Would you really recommend paying for ChatGPT if I already have Claude and Gemini?
[6 days later comment]
Nvidia just announced that they will be taking a $5.5 billion charge because the USG did in fact impose a license requirement on their H20 exports to China.
https://www.bloomberg.com/news/articles/2025-04-15/nvidia-says-us-has-imposed-new-china-restrictions-on-h20-chips
There's no outward appearance of a policy reversal.
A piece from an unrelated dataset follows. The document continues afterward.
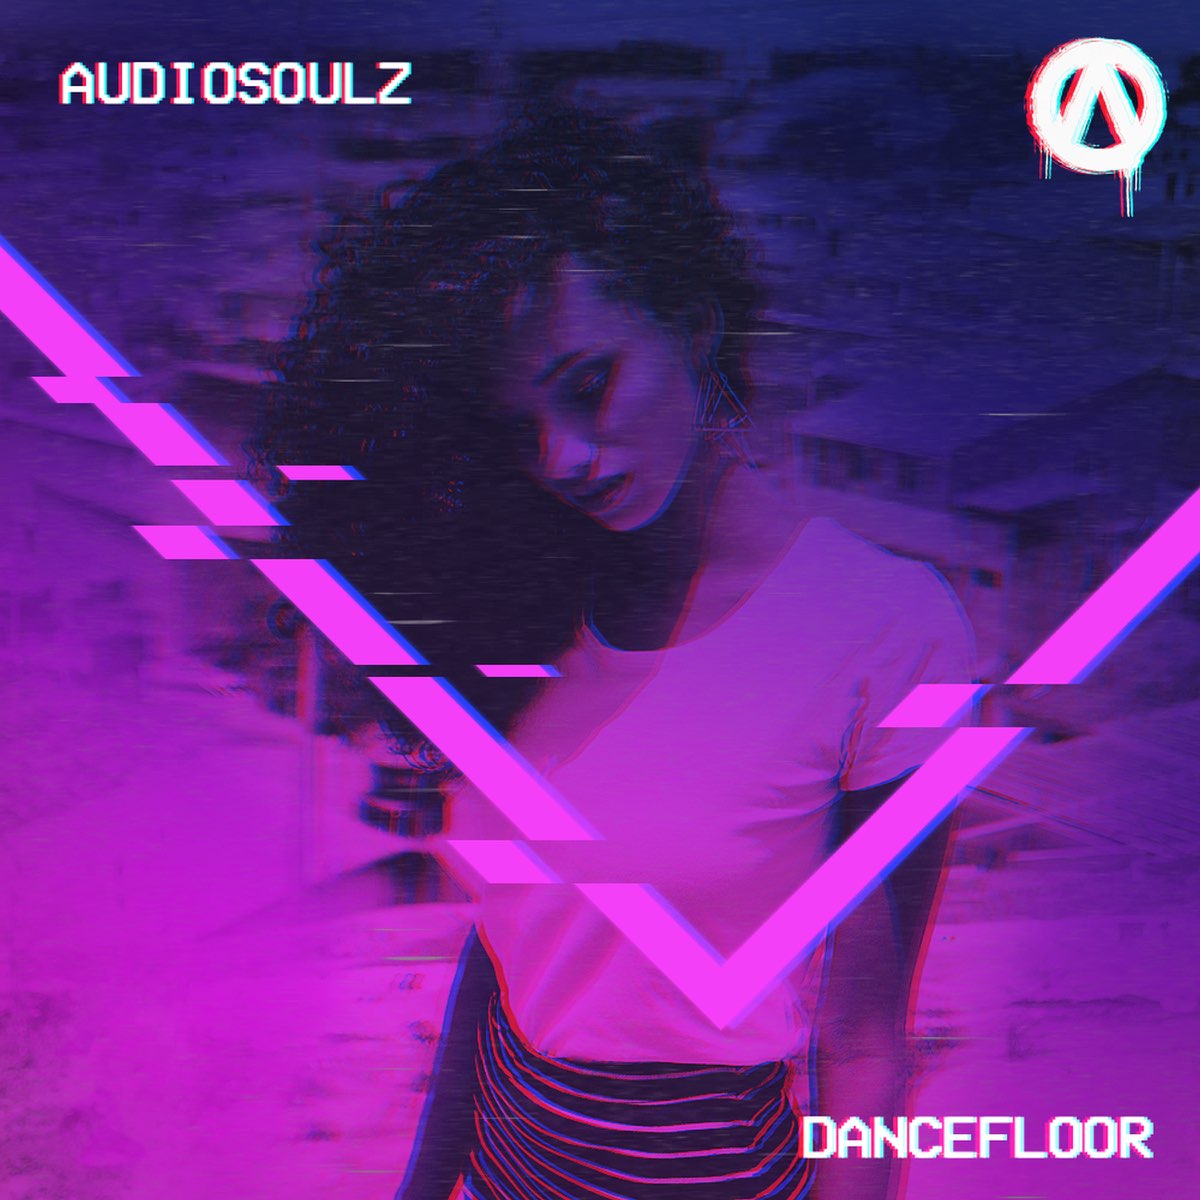 Morozoff kick the dancefloor. Dancefloor Audiosoulz. Audiosoulz - Dance Floor. Audiosoulz фото. Девушка из клипа Audiosoulz.

Indeed, it appears the only evidence for the claim that the H20 ban was lifted was NPR citing two unnamed sources:
> Following the Mar-a-Lago dinner, the White House reversed course on H20 chips, putting the plan for additional restrictions on hold, according to two sources with knowledge of the plan who were not authorized to speak publicly.
https://www.npr.org/2025/04/09/nx-s1-5356480/nvidia-china-ai-h20-chips-trump
So, either this was fake news the entire time or maybe numerous people around Trump had to lean in and remind him of his position on China and how we shouldn't give them H20s?